# Problem statement:
Drop every picture and copy exactly the lines from the one with "GOODFELLAS [US 1993]" through the last line of the listing below.

# Data provided:
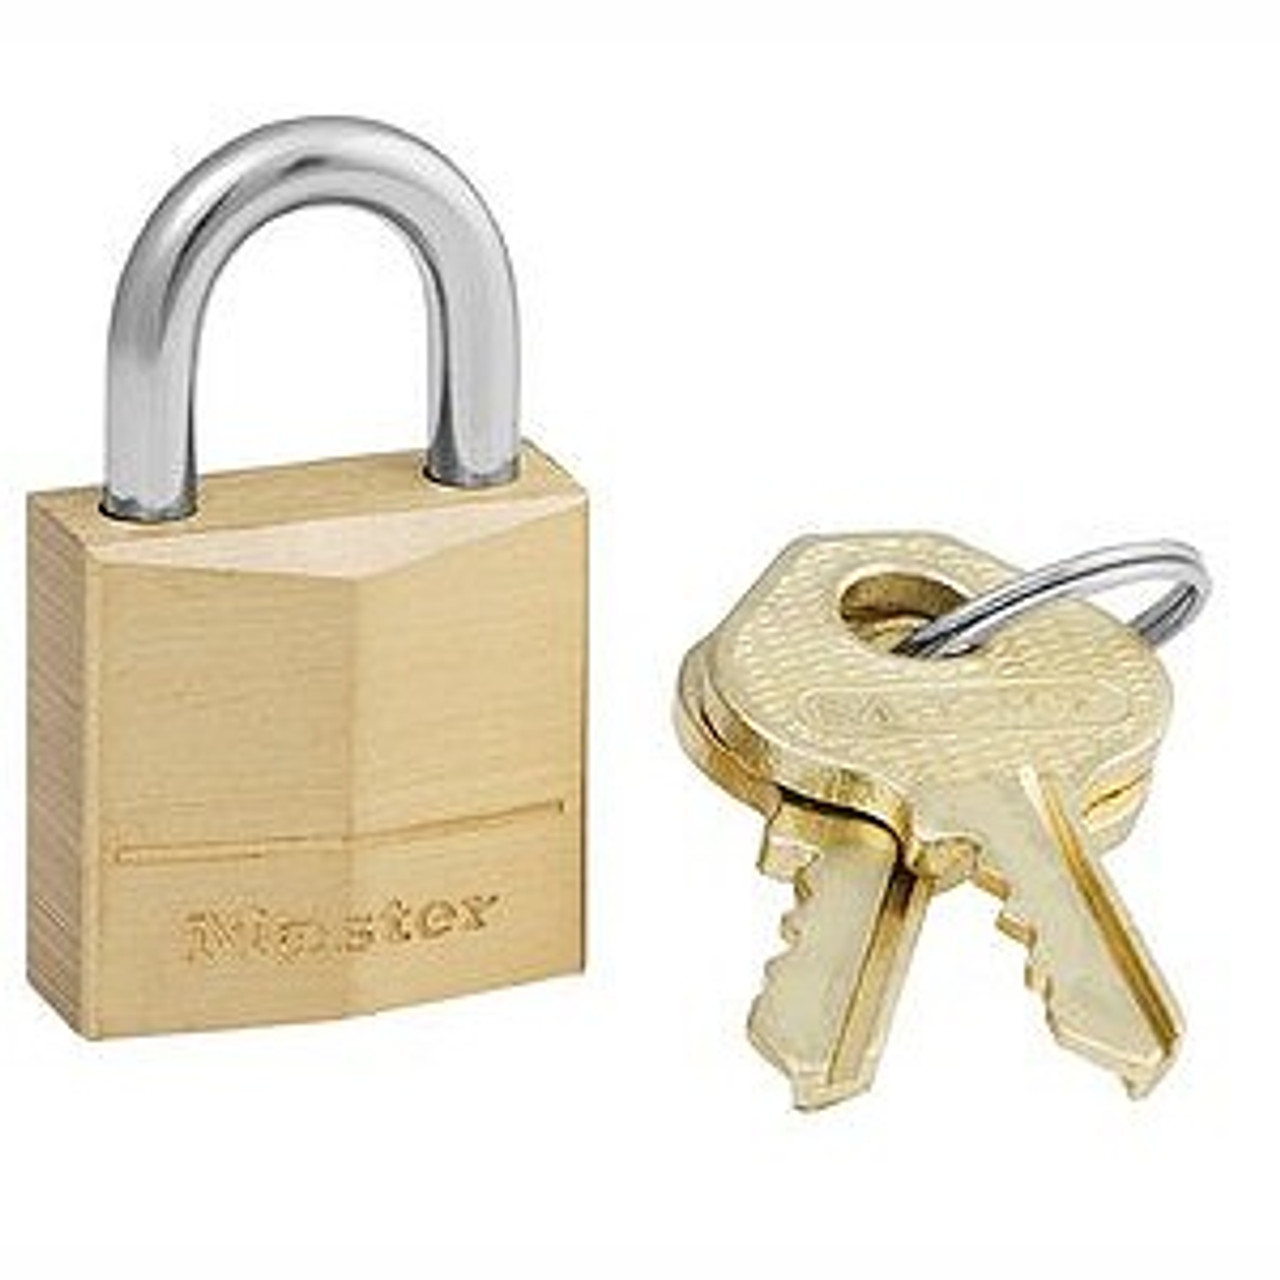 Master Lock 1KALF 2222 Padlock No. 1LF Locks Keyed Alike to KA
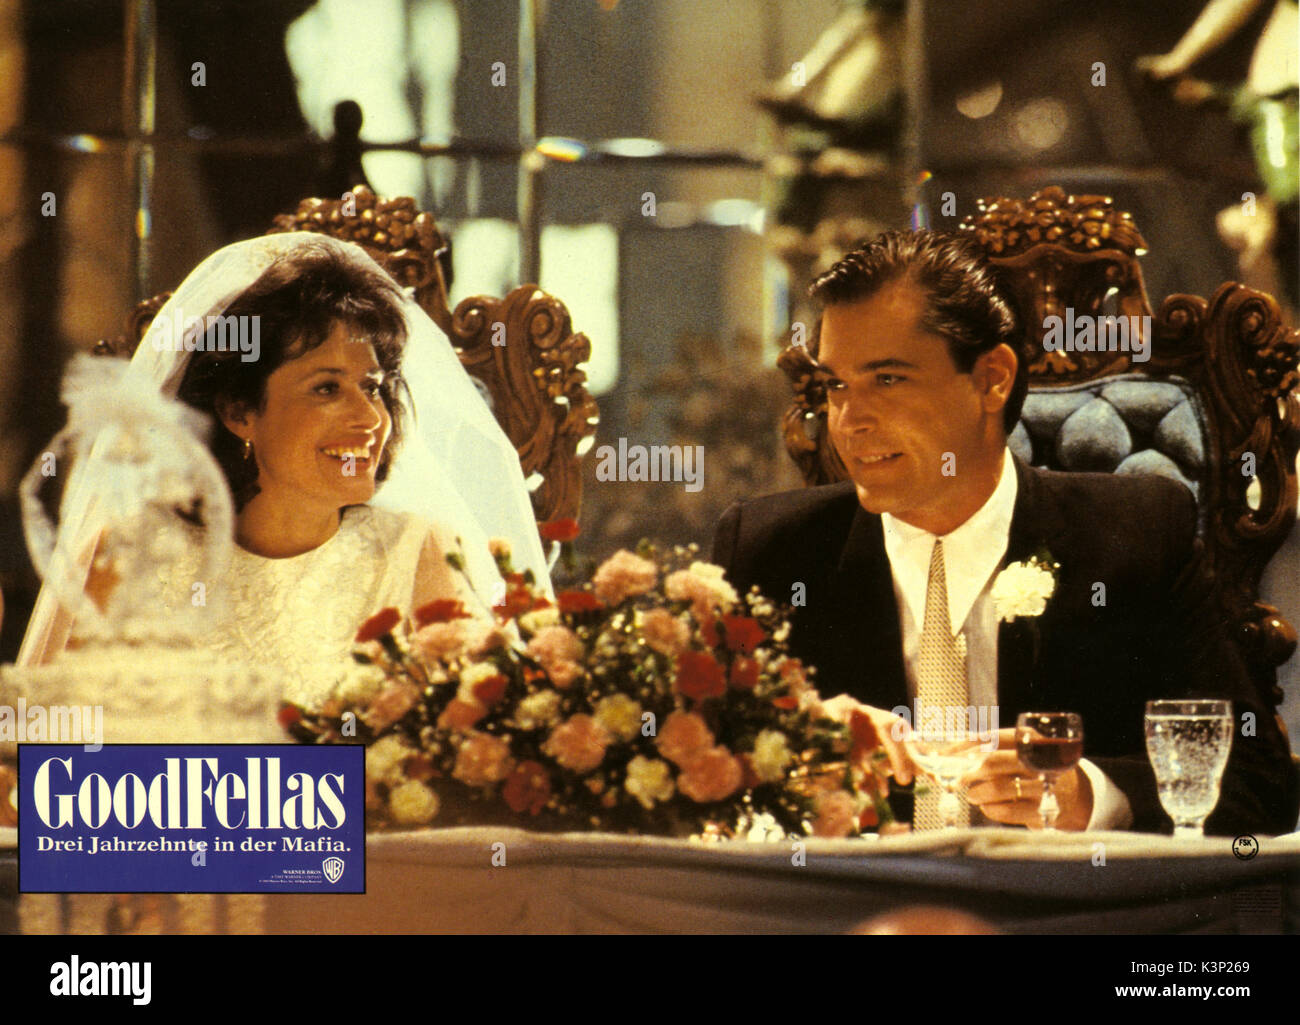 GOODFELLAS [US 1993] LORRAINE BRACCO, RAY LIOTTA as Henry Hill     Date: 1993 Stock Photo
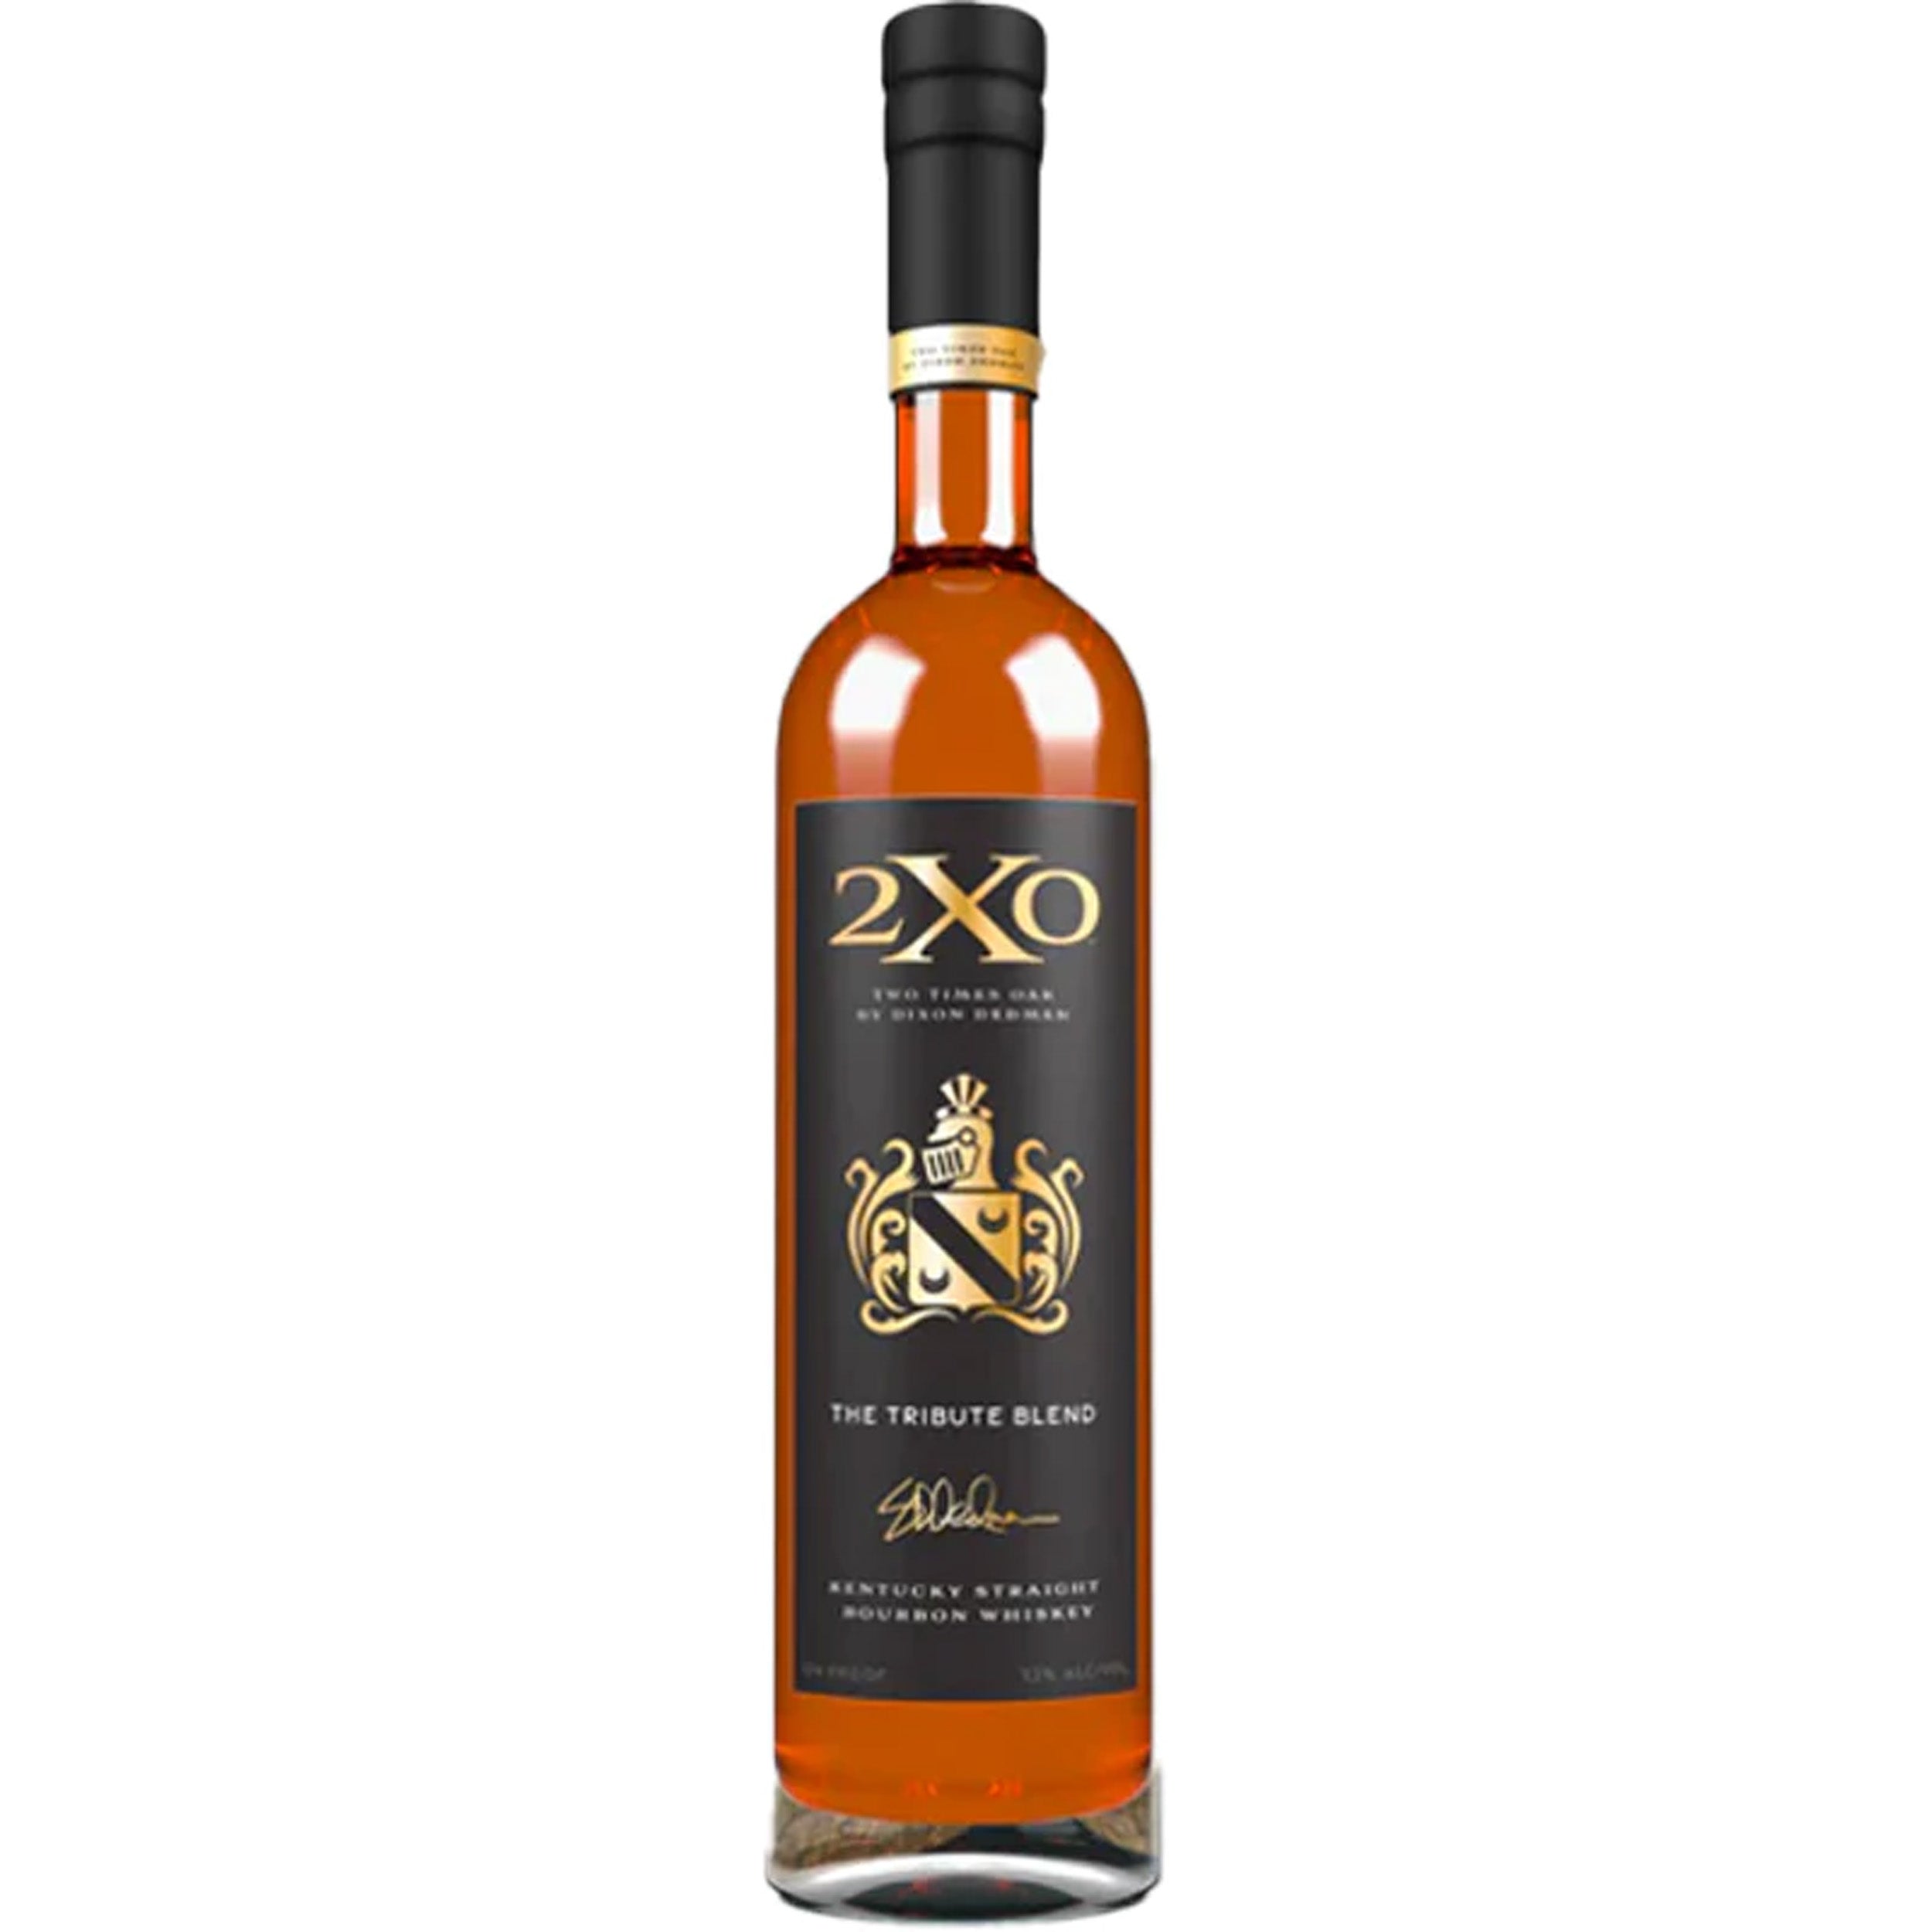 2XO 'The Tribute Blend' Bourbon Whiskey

# Your solution:
 GOODFELLAS [US 1993] LORRAINE BRACCO, RAY LIOTTA as Henry Hill     Date: 1993 Stock Photo
 2XO 'The Tribute Blend' Bourbon Whiskey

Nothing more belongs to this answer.